CNN was originally developed for image classifications. Its basic and most popular applications are hand-writing recognition and human face recognition. In these cases, CNN plays the role as a fitting function between the input images and the output labels. The process to fit the CNN model is so-called “train”. The iterations during the “train” are called “epochs”. Typically a Stochastic Gradient Descent (SGD) is used for training. Once the CNN is trained for a specific data model, we can use it as the function to estimate the label of an unknown image containing features that are close to the training data. This step is called “predict”.

The process to prepare the training data decides the computing model. The more training data we prepare, the better the prediction results will be. Normally the number of training data should be at least on the magnitude of 104 for a reasonable prediction. This procedure is always considered difficult, because most of the steps for this task have to be done manually. in some cases, like solving a general image classification problems for nature images, this can be an overwhelming task and explains why machine learning techniques are yet not widely applied. However, for the image classification problems of synchrotron imaging, the image features are normally restricted to some specific aspect and therefore, we only need to use few images, or, in some cases, as discussed this in Section 3, even use the simulated images, to train the CNN model.

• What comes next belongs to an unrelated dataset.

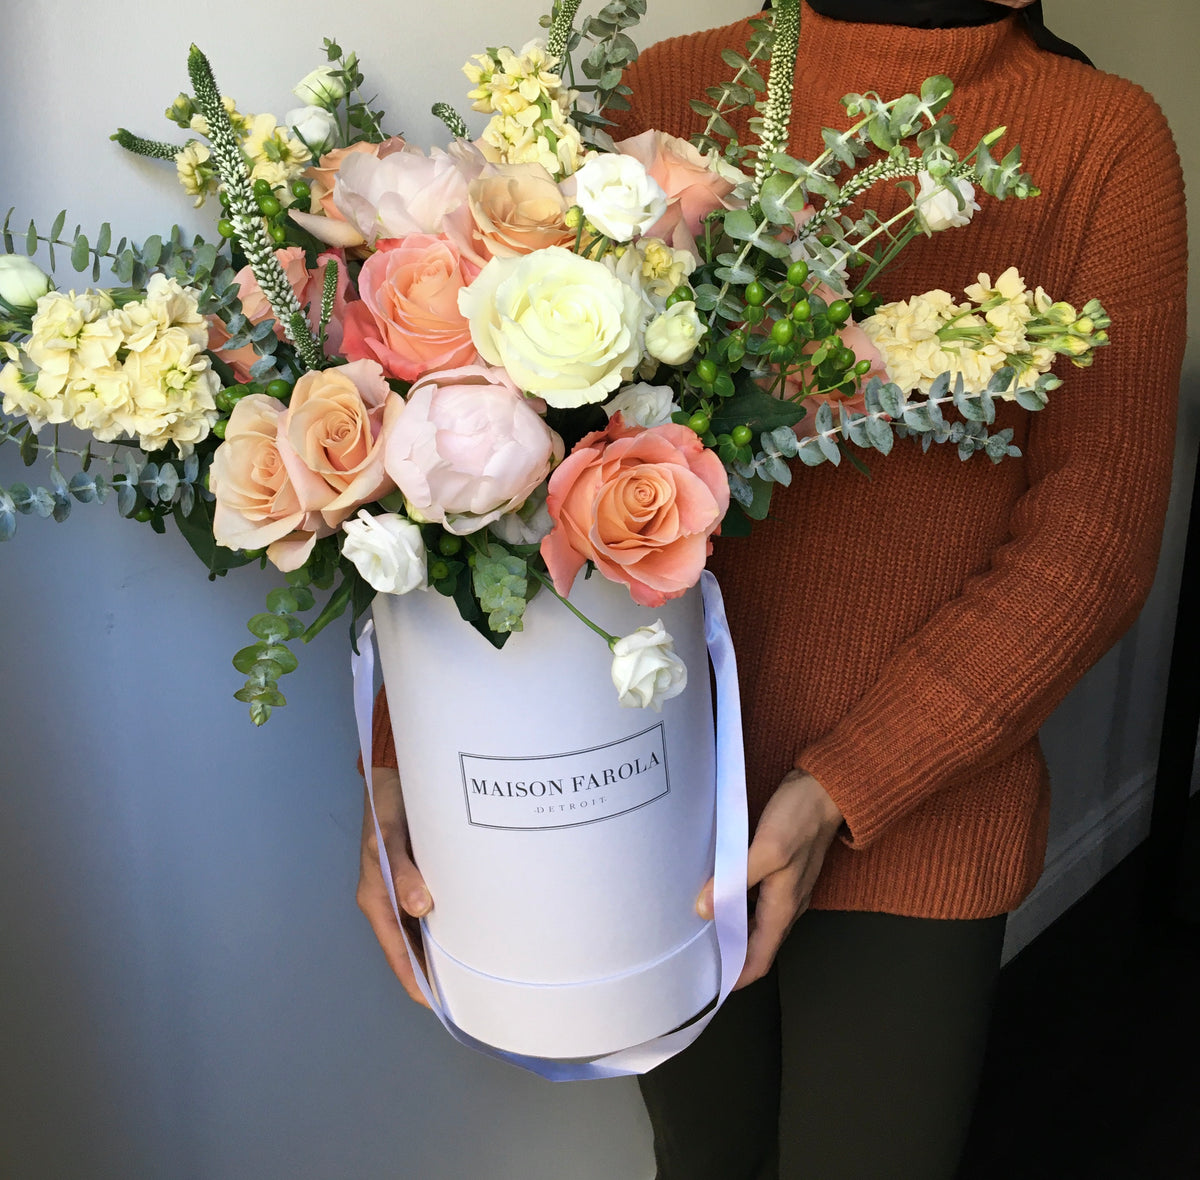 [flower_box], [maison_farola], [arrangement], [flowers], [birthday], [mothers_day], [delivery], [hat_box], [english_garden], [affordable_flowers], [blumz], [pot_and_box], [made_floral], [blush_and_co], [tiffany_florist], [blossoms], [fleurdetroit], [gift], [easter], [centerpiece], [baby_shower], [baby_girl], [baby_boy], [baptism], [event], [communion], [sympathy], [corporate], [flower_bouquet], [preserved]

There is not a standard architecture of CNN for image classification. After we tested different architectures and parameter to consider their performances and stability, we choose to use the CNN architecture as shown in Fiure 1:


Figure 1: The architecture of the CNN classification model using for this article. We use the classification of handwriting number 3 as the example. This diagram shows how the handwriting image has been classified as its related number.

It includes 3 convolutional layers and 2 maxpooling layers. The first convolutional layer includes 32 convolution weights to extract 32 feature maps from the inputs. The image size reduces to half at each maxpooling layer. The number of convolution weights and feature maps doubles after each maxpooling layer. The final layer of the feature maps are fully connected to data nodes with the activation function. These nodes are connected again with another activation function and become a single value. We fit this value to be the label that defined in the training data.